→ **What is being asked**
Every line of the listing belongs in your answer exactly as written; the images do not.

→ **Dataset content**
[Start of section]
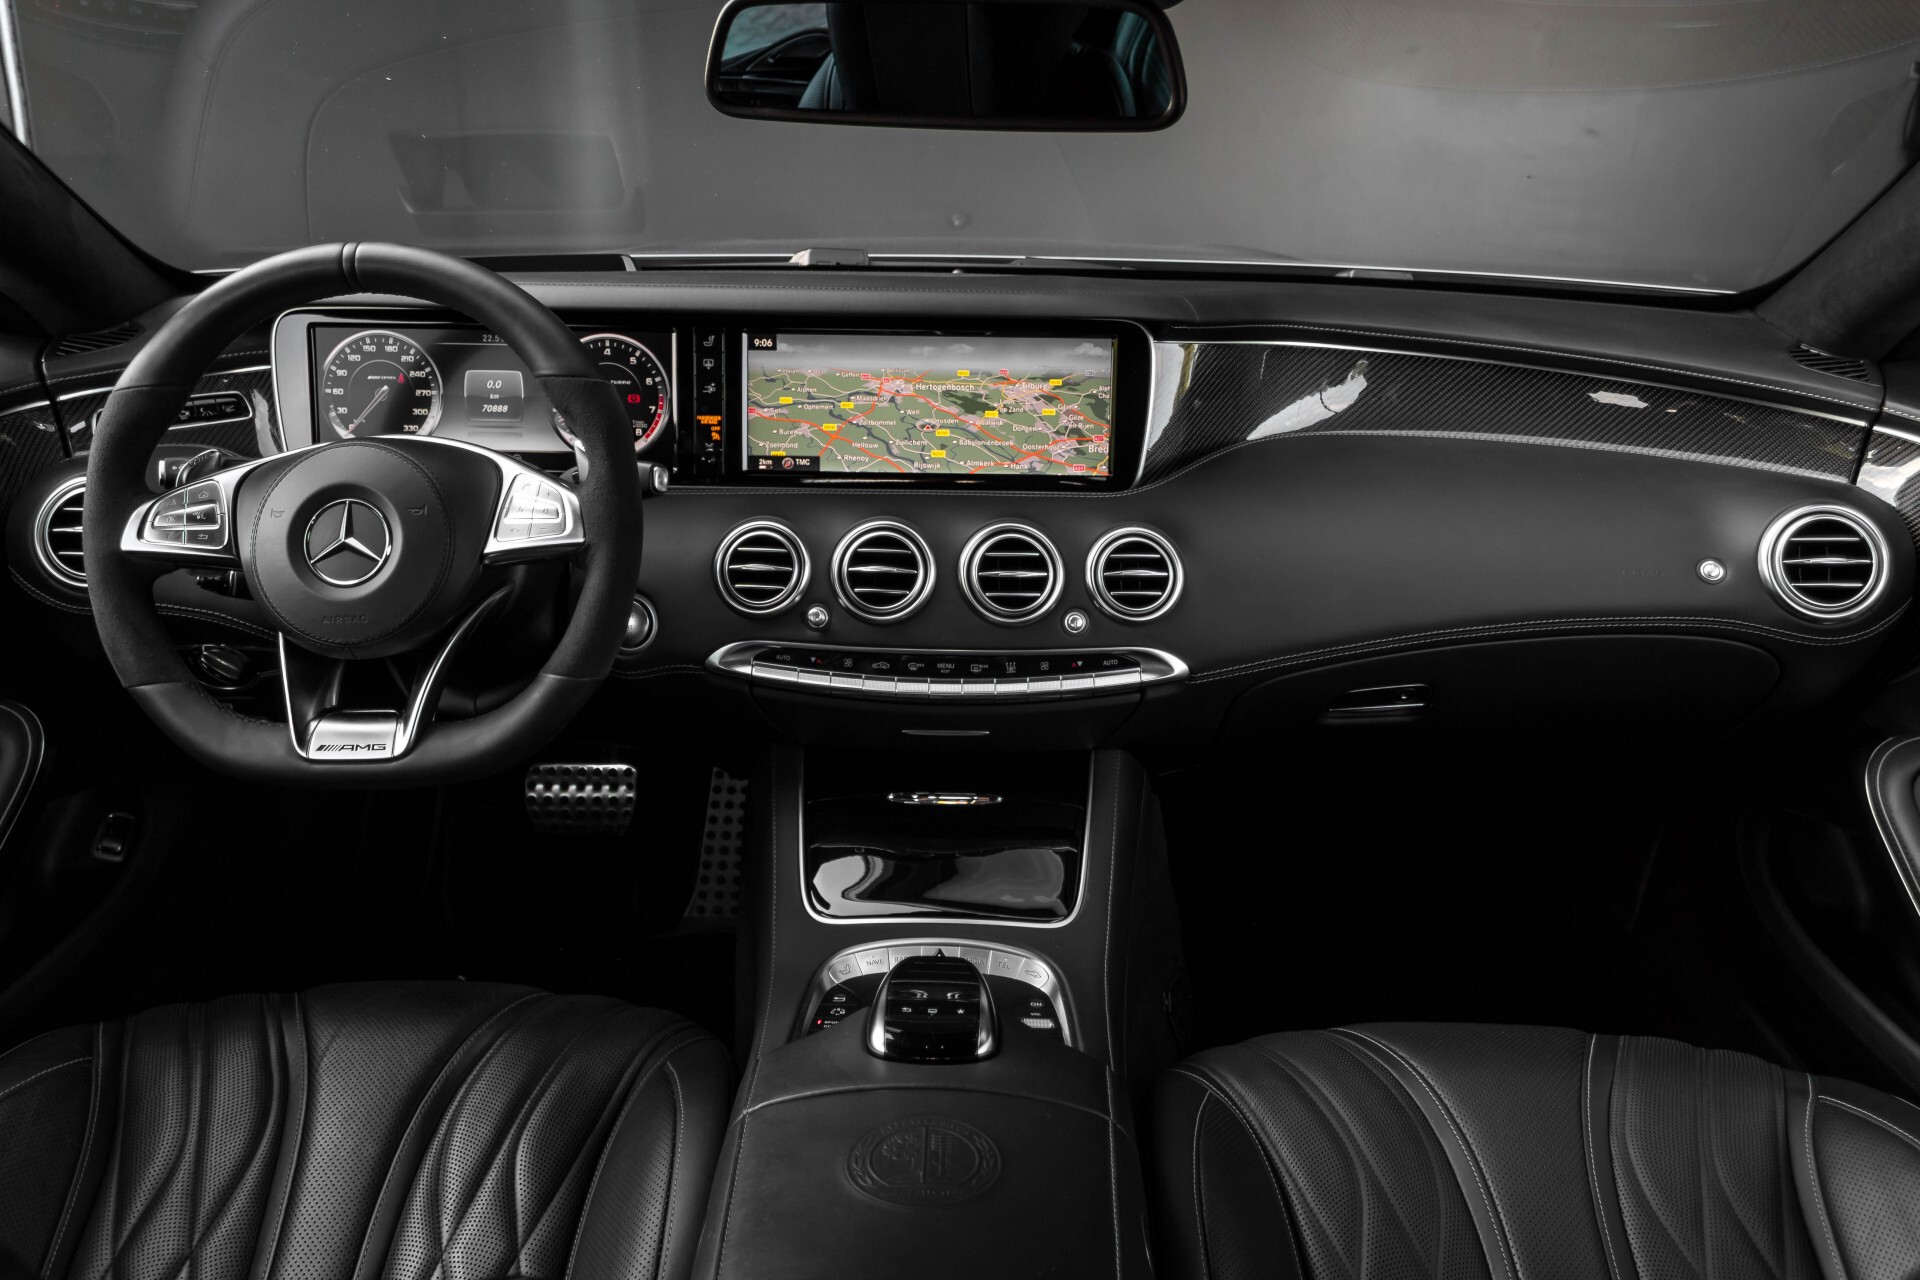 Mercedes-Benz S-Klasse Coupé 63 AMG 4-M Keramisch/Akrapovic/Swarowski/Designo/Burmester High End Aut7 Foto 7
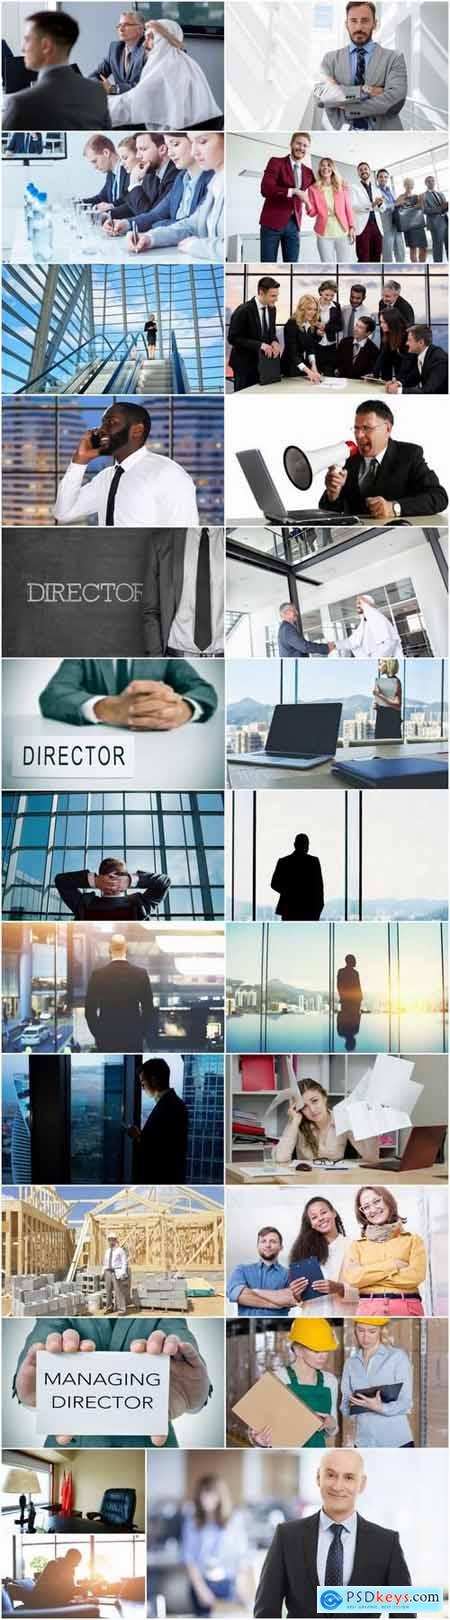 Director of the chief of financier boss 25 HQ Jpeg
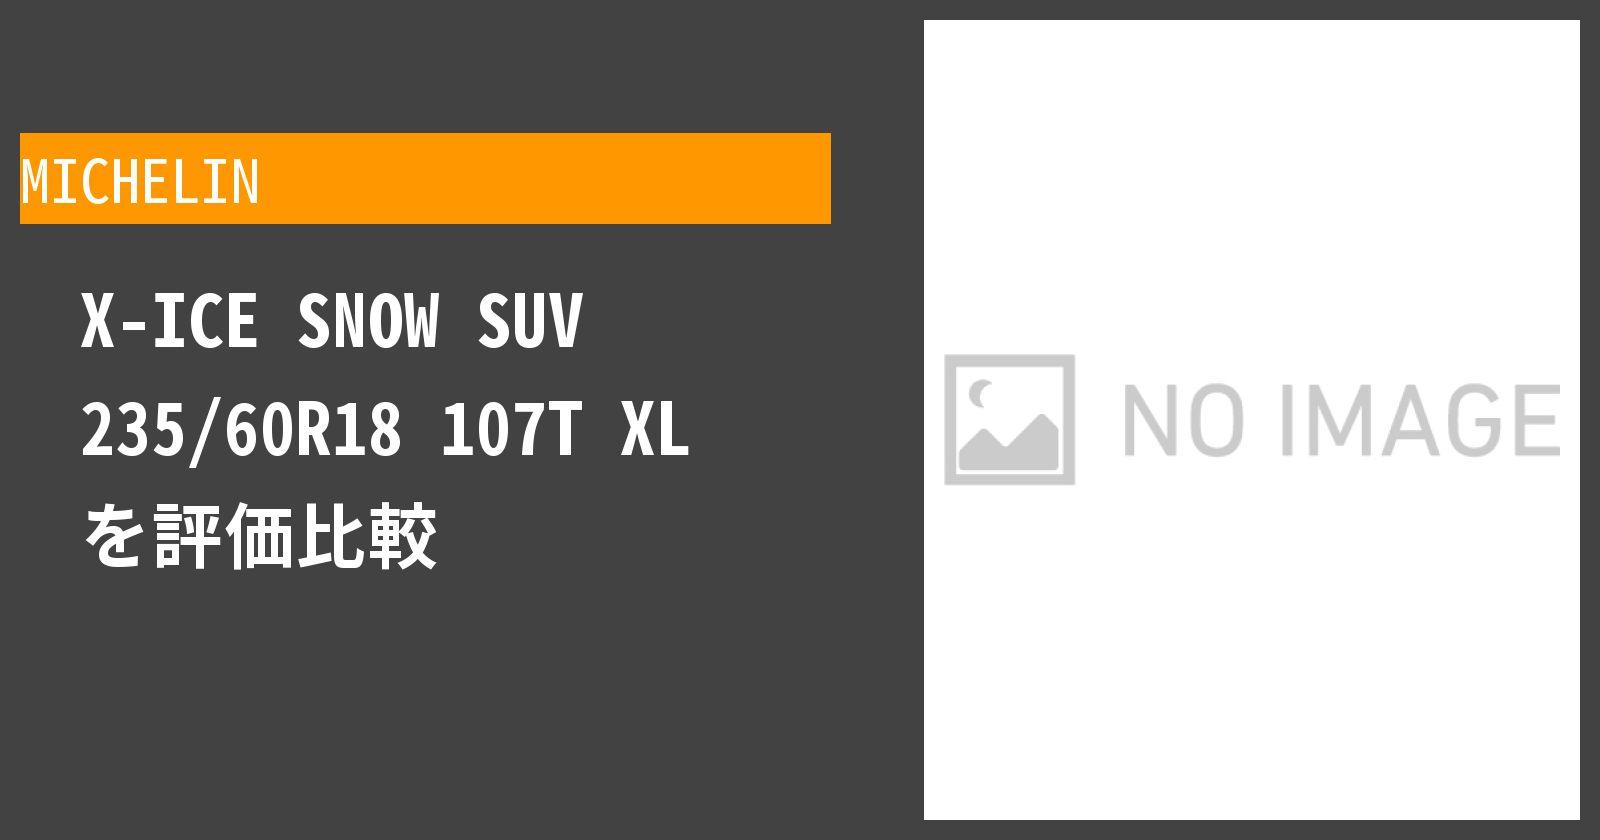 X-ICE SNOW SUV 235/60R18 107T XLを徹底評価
[End of section]
→ **Task result**
 Mercedes-Benz S-Klasse Coupé 63 AMG 4-M Keramisch/Akrapovic/Swarowski/Designo/Burmester High End Aut7 Foto 7
 Director of the chief of financier boss 25 HQ Jpeg
 X-ICE SNOW SUV 235/60R18 107T XLを徹底評価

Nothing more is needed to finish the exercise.